MEBN logic brings together two different areas of research: probabilistic reasoning and classical logic. The ability to perform plausible reasoning with the expressiveness of Fisrt-Order Logic opens the possibility to address problems of greater complexity than heretofore possible in a wide variety of application domains.
XML-based languages such as RDF and OWL are currently being developed using subsets of FOL. MEBN logic can provide a logical foundation for extensions that support plausible reasoning. This work is geared towards that end, and the language proposed here, PR-OWL, is a MEBN-based extension to the SW language OWL.
The main objective of such extension is to create a language capable of representing and reasoning with probabilistic ontologies. This technology would facilitate the development of “probability-friendly” applications for the Semantic Web. The ability to handle uncertainty is clearly needed, because the SW is an open environment where uncertainty is the rule.
Probabilistic ontologies are also a very promising technique for addressing the semantic mapping problem, a difficult task whose applications range from automatic Semantic Web agents, which must be able to deal with multiple, diverse ontologies, to automated decision systems, which usually have to interact and reason with many legacy systems, each having its own distinct rules, assumptions, and terminologies.
MEBN is still in its infancy as a logic, but has already shown the potential to provide the necessary mathematical foundation for plausible reasoning in an open world characterized by many interacting entities related to each other in diverse ways and having many uncertain features and relationships.

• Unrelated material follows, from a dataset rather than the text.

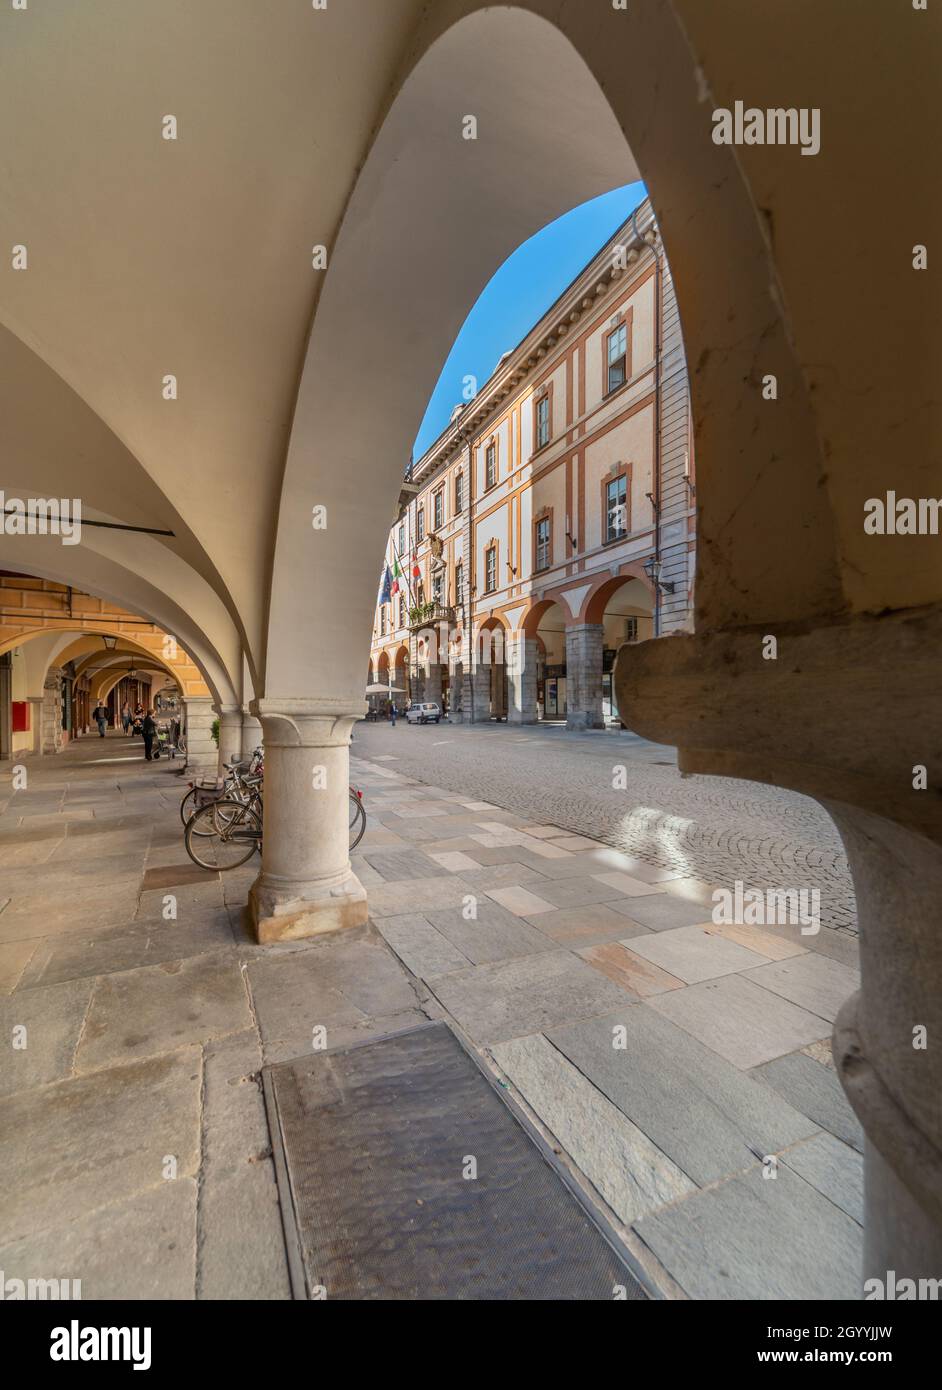 Cuneo, Piedmont, Italy - October 6, 2021: the town hall seen from the arches of the historic arcades (Portici di Cuneo) in Via Roma Stock Photo

In order to realize that potential, the first step is to extend the logic so it can handle complex features that are required in expressive languages such as OWL. This is the core objective of the next Chapter.
Representing and reasoning under uncertainty is a necessary step for realizing the W3C’s vision for the Semantic Web. The title of this Dissertation leaves no questions about our understanding that such step has to be taken via Bayesian probability theory, which not only allows for a principled representation of uncertainty but also provides both a proof theory for combining prior knowledge with observations, and a learning theory for refining the ontology as evidence accrues.
A key concept for achieving that goal is the one of probabilistic ontologies, so we begin by defining what we mean when using this term. Intuitively, an ontology that has probabilities attached to some of its elements would qualify for this label, but such a distinction would add little to the objective of providing a probabilistic framework for the Semantic Web.
In other words, merely adding probabilities to concepts does not guarantee interoperability with other ontologies that also carry probabilities. Clearly, more is needed to justify a new category of ontologies, and such extra justification doesn’t come from the syntax used for including probabilities.